# Black blasting sand...looks too stark



## minorhero (Mar 28, 2019)

I don't like black substrates for this very reason. I find they do not look natural enough for me. I have pool filter sand in one tank with small bits of gravel. That would be my recommendation. Nothing more natural then sand. Pool filter sand is cheap as well. 50lbs cost you around 15 dollars or less. Try to get the HTH brand if possible, not sure if that's available in Canada.


----------



## Asteroid (Jul 26, 2018)

What else do you have or plan for the tank? Light or dark it really depends what your trying to do as both have adv/disadv.

Once your put plants in and lighter hardscape a black substrate shouldn't look stark. Light colored substrates like pool filter sand are great, I use them all the time, but they also show everything and can become an eyesore if the tank isn't maintained properly. Dark substrates also make many fish and plant colors pop more.


----------



## Newbie Tankard (Dec 28, 2018)

I have 3 tanks with BDBS, I like it and it makes my plants and fish pop. Though some darker colored fish may not pop as much, some corydoras kind of blend in with it. I am going to start a smaller tank soon with pool filter sand as soon as I find some then my darker corydoras will go in that tank.


----------



## mboley (Jan 26, 2018)

Add some Flourite Dark substrate to the black. It's a natural looking brown color and looks good mixed with black.


----------



## DaveKS (Apr 2, 2019)

This stuff looks great mixed in top layer and scattered around in small piles on top of black. But yea, any substrate that's to homogeneous in size and monotone in color to me needs help to look natural.

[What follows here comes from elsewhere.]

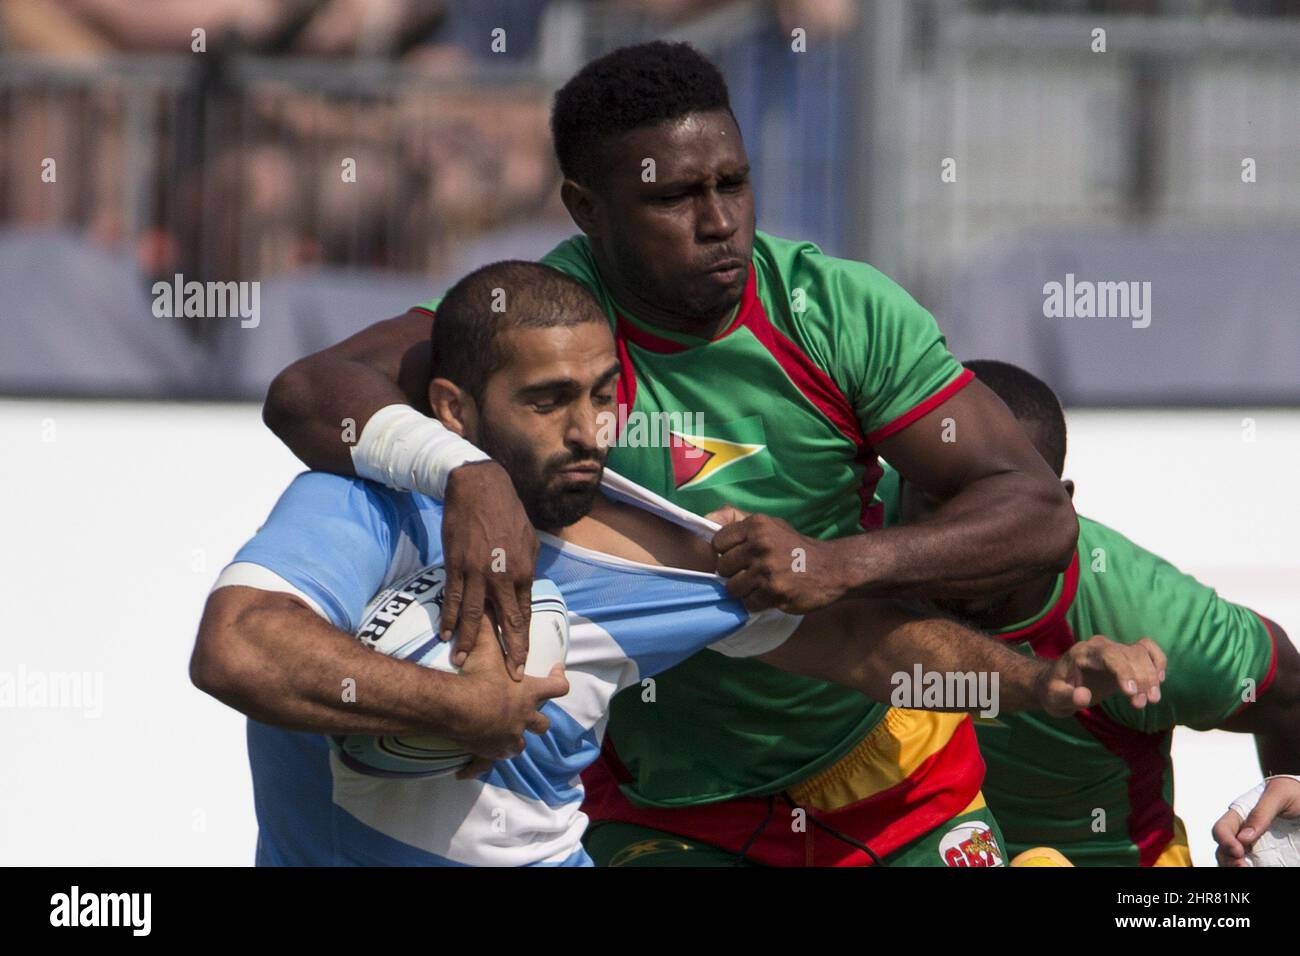 Argentina's Gaston Revol (left) is tackled by Guyana's Claudius Butts during men's rugby sevens at the Pan Am games in Toronto on Saturday July 11. 2015. THE CANADIAN PRESS/Chris Young Stock Photo
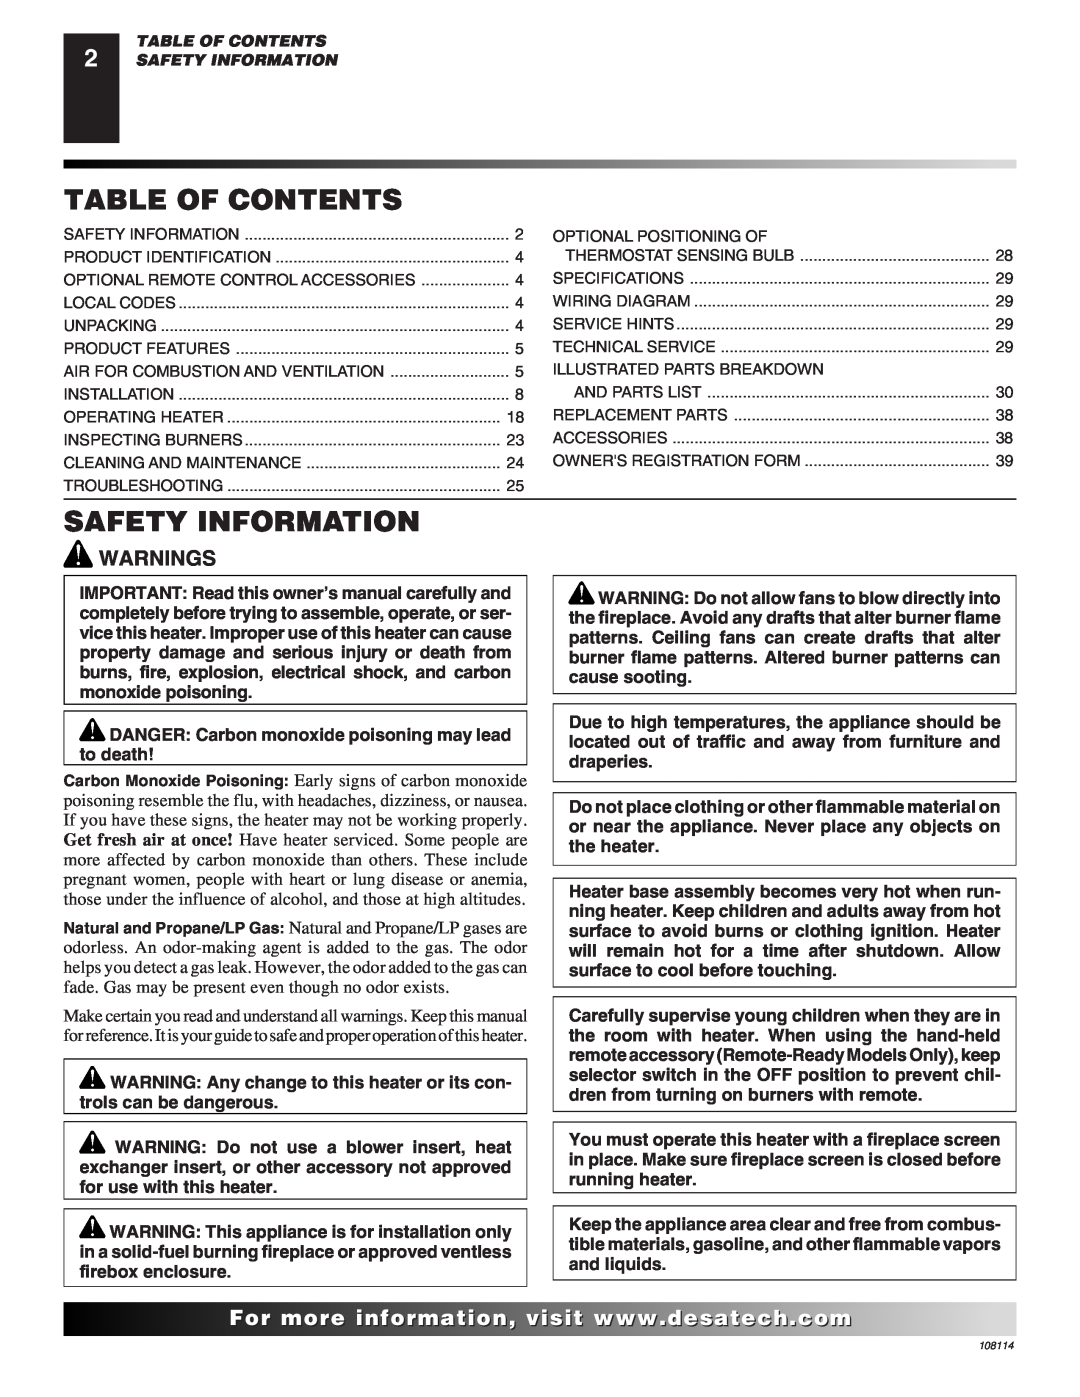 Desa INTERNATIONAL UNVENTED (VENT-FREE) GAS LOG HEATER installation manual Table Of Contents, Safety Information, Warnings

This stuff looks great scattered around top of black also.

https://www.amazon.com/Granite-Mini...aynooth+Natural+Granite&qid=1576283578&sr=8-1


----------



## Streetwise (May 24, 2019)

As someone who grew up in the woods, with streams and rivers, that looks very nice. Thanks for sharing. I think I am going to get a bag of this.


----------



## TheUnseenHand (May 14, 2017)

Just get yourself a nice carpet. I forget I even have BDBS as the only substrate in my tank.


----------



## Newbie Tankard (Dec 28, 2018)

That's a good suggestion with the pea gravel, I bet that would look nice, I'll have to remember that if I want a change of look in my tanks.


----------



## Newbie Tankard (Dec 28, 2018)

Wow that's a nice looking tank, might I ask what kind of carpet you got there?


----------



## TheUnseenHand (May 14, 2017)

Newbie Tankard said:


> Wow that's a nice looking tank, might I ask what kind of carpet you got there?


Micranthemum "Monte Carlo"


----------



## Streetwise (May 24, 2019)

Do you have an underwater lawnmower, or a zamboni?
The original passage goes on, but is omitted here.